Ok, got it. I think it would be best to develop the feature as a dedicated function, then once it's properly designed, consider its integration in read_opus. It's an advanced feature.

For data_only, at the moment it is still a list. We have to think about some good logic. @pierreroudier @ThomasKnecht shall we imply with data_only a matrix, which might be a good simplification in one argument?

My argument for this one is that users will either want to have the full metadata (in which case a list shall be returned), or want to quickly assemble data for modelling, in which case a matrix shall be returned.

For the latter, there is code pretty much ready to go in the old {opusreader} package.

I generally like the matrix-support. To keep track of features and the development, I will move on with opening separate issue tickets. Like this it will be more simple to keep track and have a clean git workflow without too much wizardry.

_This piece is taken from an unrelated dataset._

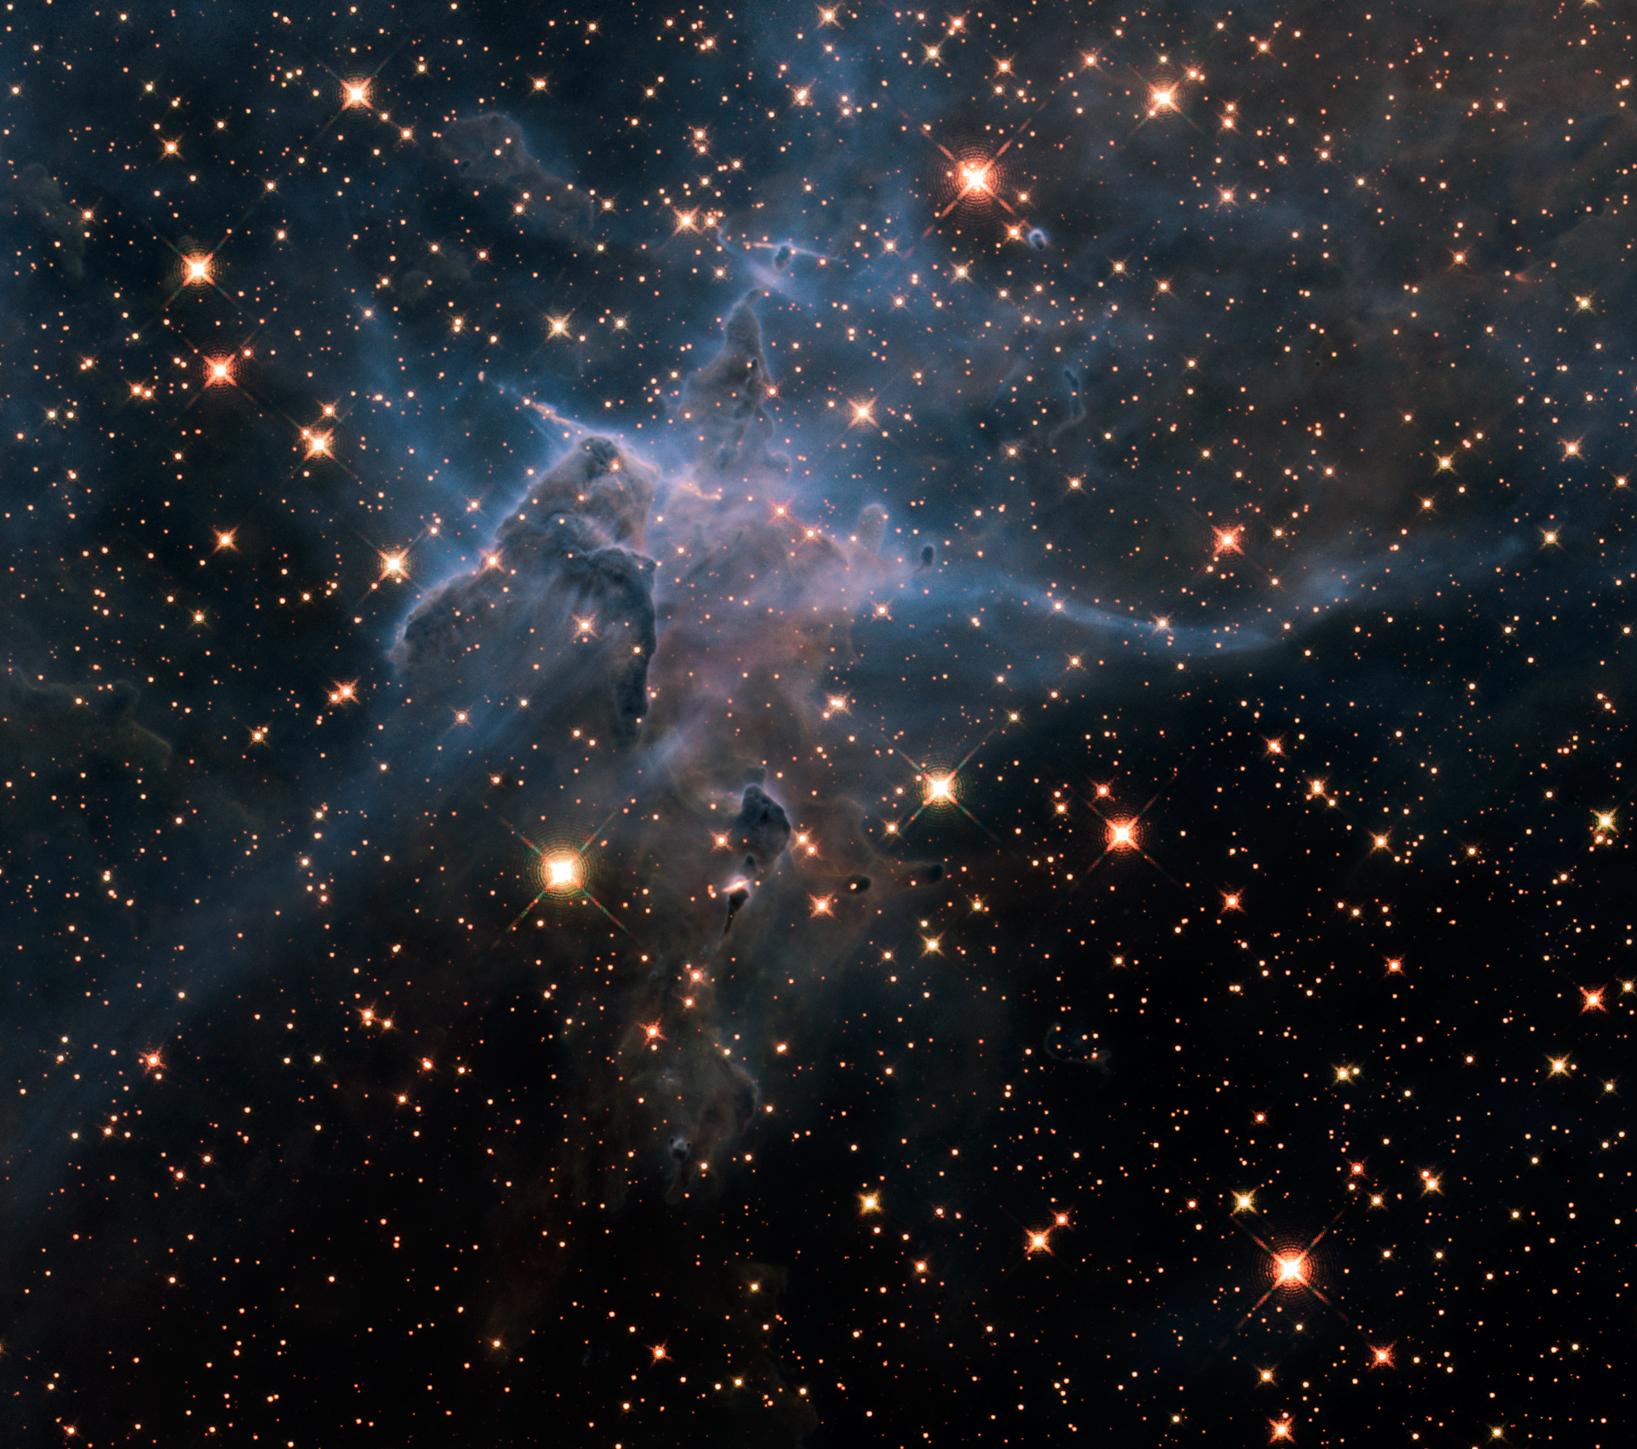 Tak wygląda mapa wszechświata, która została wykonana za pomocą 570-megapikselowego aparatu cyfrowego

we removed the output_path. we want to make a separate function for writing the data into json files or whatever other format is possible

@pierreroudier , as @ThomasKnecht indicated above, the design decision we are making is to keep the interface of read_opus() as generic as possible and with lowest possible complexity in arguments. This will enable us to have a rock solid interface that does not change over time, that serves its purpose for a broad community of users and contributors. Over time, there will be for sure options to customize specific wishes in helper functions, that are easier to maintain and are more specific to a particular spectroscopy workflow of individual organizations and companies.

Such extended functionalities are for example #36 , #44 .
Closing because read_opus() and functions at various levels have been split by a new modular design with #47

see #47 for the solution